A detailed comparison of the toluene adsorption capacities for BTBH-60 and CAC demonstrates the advantage of using ARACs in adsorption of VOCs under a low-concentration, high-temperature circumstance (Figure 4). In Figure 4, q _BTBH/q _CAC is the ratio of adsorption capacity for BTBH-60 to that for CAC. Results showed that CAC had greater adsorption capacities than BTBH-60 (i.e.,q _BTBH/q _CAC < 1) at lower temperature (<50 °C) and large inlet toluene concentration (>200 ppmv). These results are expected because CAC had a greater S _BET (905 m² g⁻¹) than BTBH-60 (600 m² g⁻¹). Notably, when the temperature was higher than 50 °C, BTBH-60 had a larger adsorption capacity than CAC within the lower toluene concentration range (i.e., between 50 and 200 ppmv) (Figures 3 and 4). Consequently, activated carbon derived from agricultural residues appears to be more applicable to adsorb VOCs at lower concentration and higher temperature. Although the detailed mechanisms causing the observed phenomena are not well understood, the larger VOC adsorption capacity of BTBH-60 at lower concentration and higher temperature may be due to the difference in the porous structure and surface functionality of BTBH-60 and CAC (e.g., oxygenated functional groups) that may result in a polar carbon surface. It is also known that the average micropore diameter (L _av) of the slit-shaped micro-pores is reversely proportional to E ₀.30 The smaller L _av may cause the BTBH-60 activated carbon to be more applicable in a thermodynamically unfavorable environment as compared with the CAC sample. These results are encouraging because the production of ARACs is more cost-effective as compared with those for typical CACs. In addition, ARAC's enhanced adsorption capacities at lower vapor concentrations are valuable because several air quality control applications that utilize physical adsorption as the main mechanism to remove vapors from gas streams are designed for low-concentration, high-temperature operations.

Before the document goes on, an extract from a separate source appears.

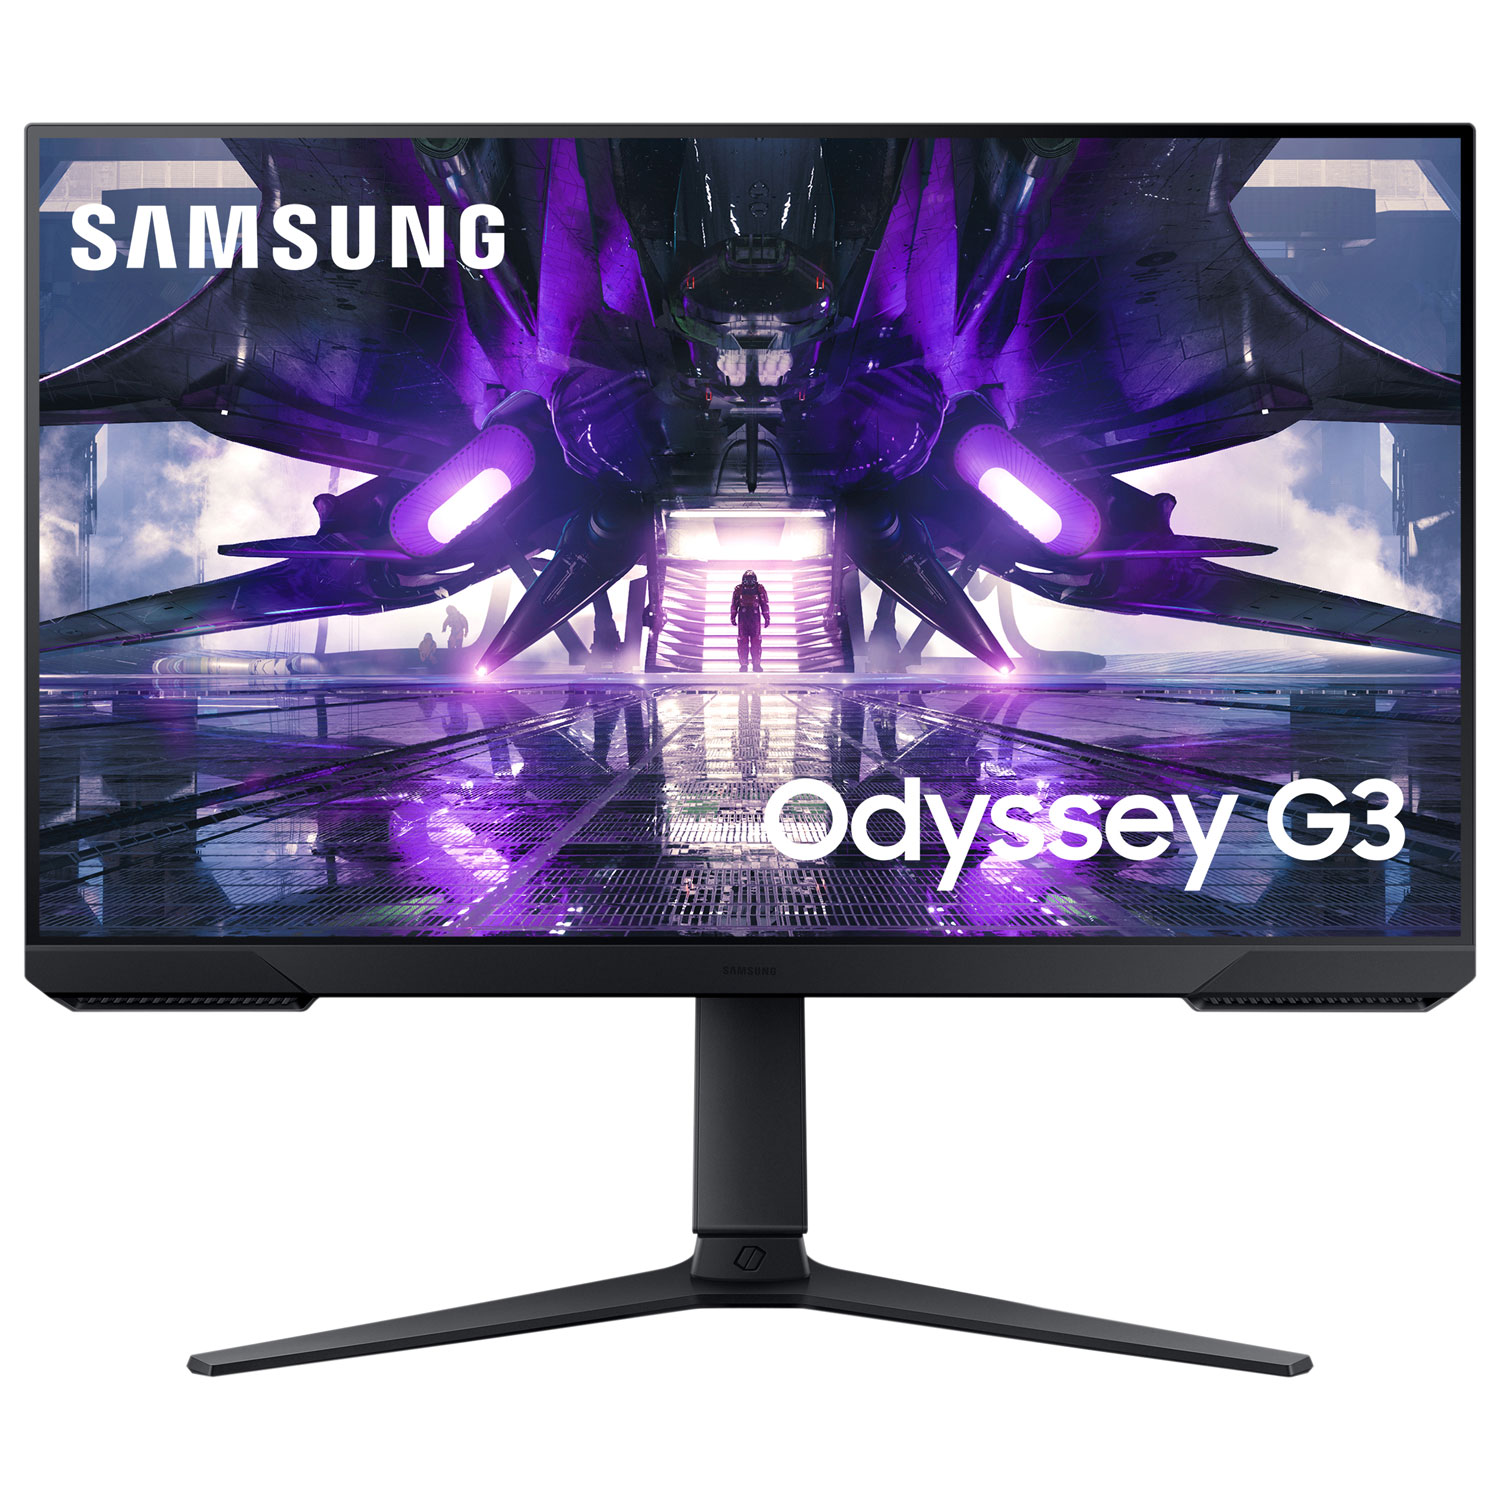 Samsung Odyssey G3 24" FHD 144Hz 1ms GTG VA LCD FreeSync Gaming Monitor (LS24AG30ANNXZA) - Black

Figure 4. Comparison of toluene adsorption capacities for BTBH-60 and CAC at various temperatures.

CONCLUSIONS

In this study, agricultural residues including raw BH, BTBH, RH, and PS were chosen to produce activated carbons. With adequate carbonization (400 °C for 1 hr) and 50% H₂O_(g)/50% N₂ steam activation (800 °C for 30–90 min), activated carbons with diverse characteristics can be developed. Mesoporous activated carbons are easily produced from grass husk precursors, including the BTBH, by increasing the activation time, confirming the feasibility of resource recovery of this biohydrogen generation waste. The results from adsorption tests also showed that ARACs are more applicable to adsorb toluene at low concentration (<200 ppmv) and high temperature (>50 °C). The obtained data suggested that the tested ARAC appeared to be more applicable for VOC adsorption in a thermodynamically unfavorable environment as compared with the CAC sample. The adsorption tests also suggested that monolayer adsorption may occur on the surface of the ARAC because the adsorption data showed the best agreement with the Langmuir equation.

ACKNOWLEDGMENTS

The authors thank the National Science Council and Environmental Protection Agency of Taiwan, Republic of China (contracts NSC93-EPA-Z-327-002 and EPA-94-U1U4-04-007) for funding support. The opinions expressed in this paper are not necessarily those of the sponsors.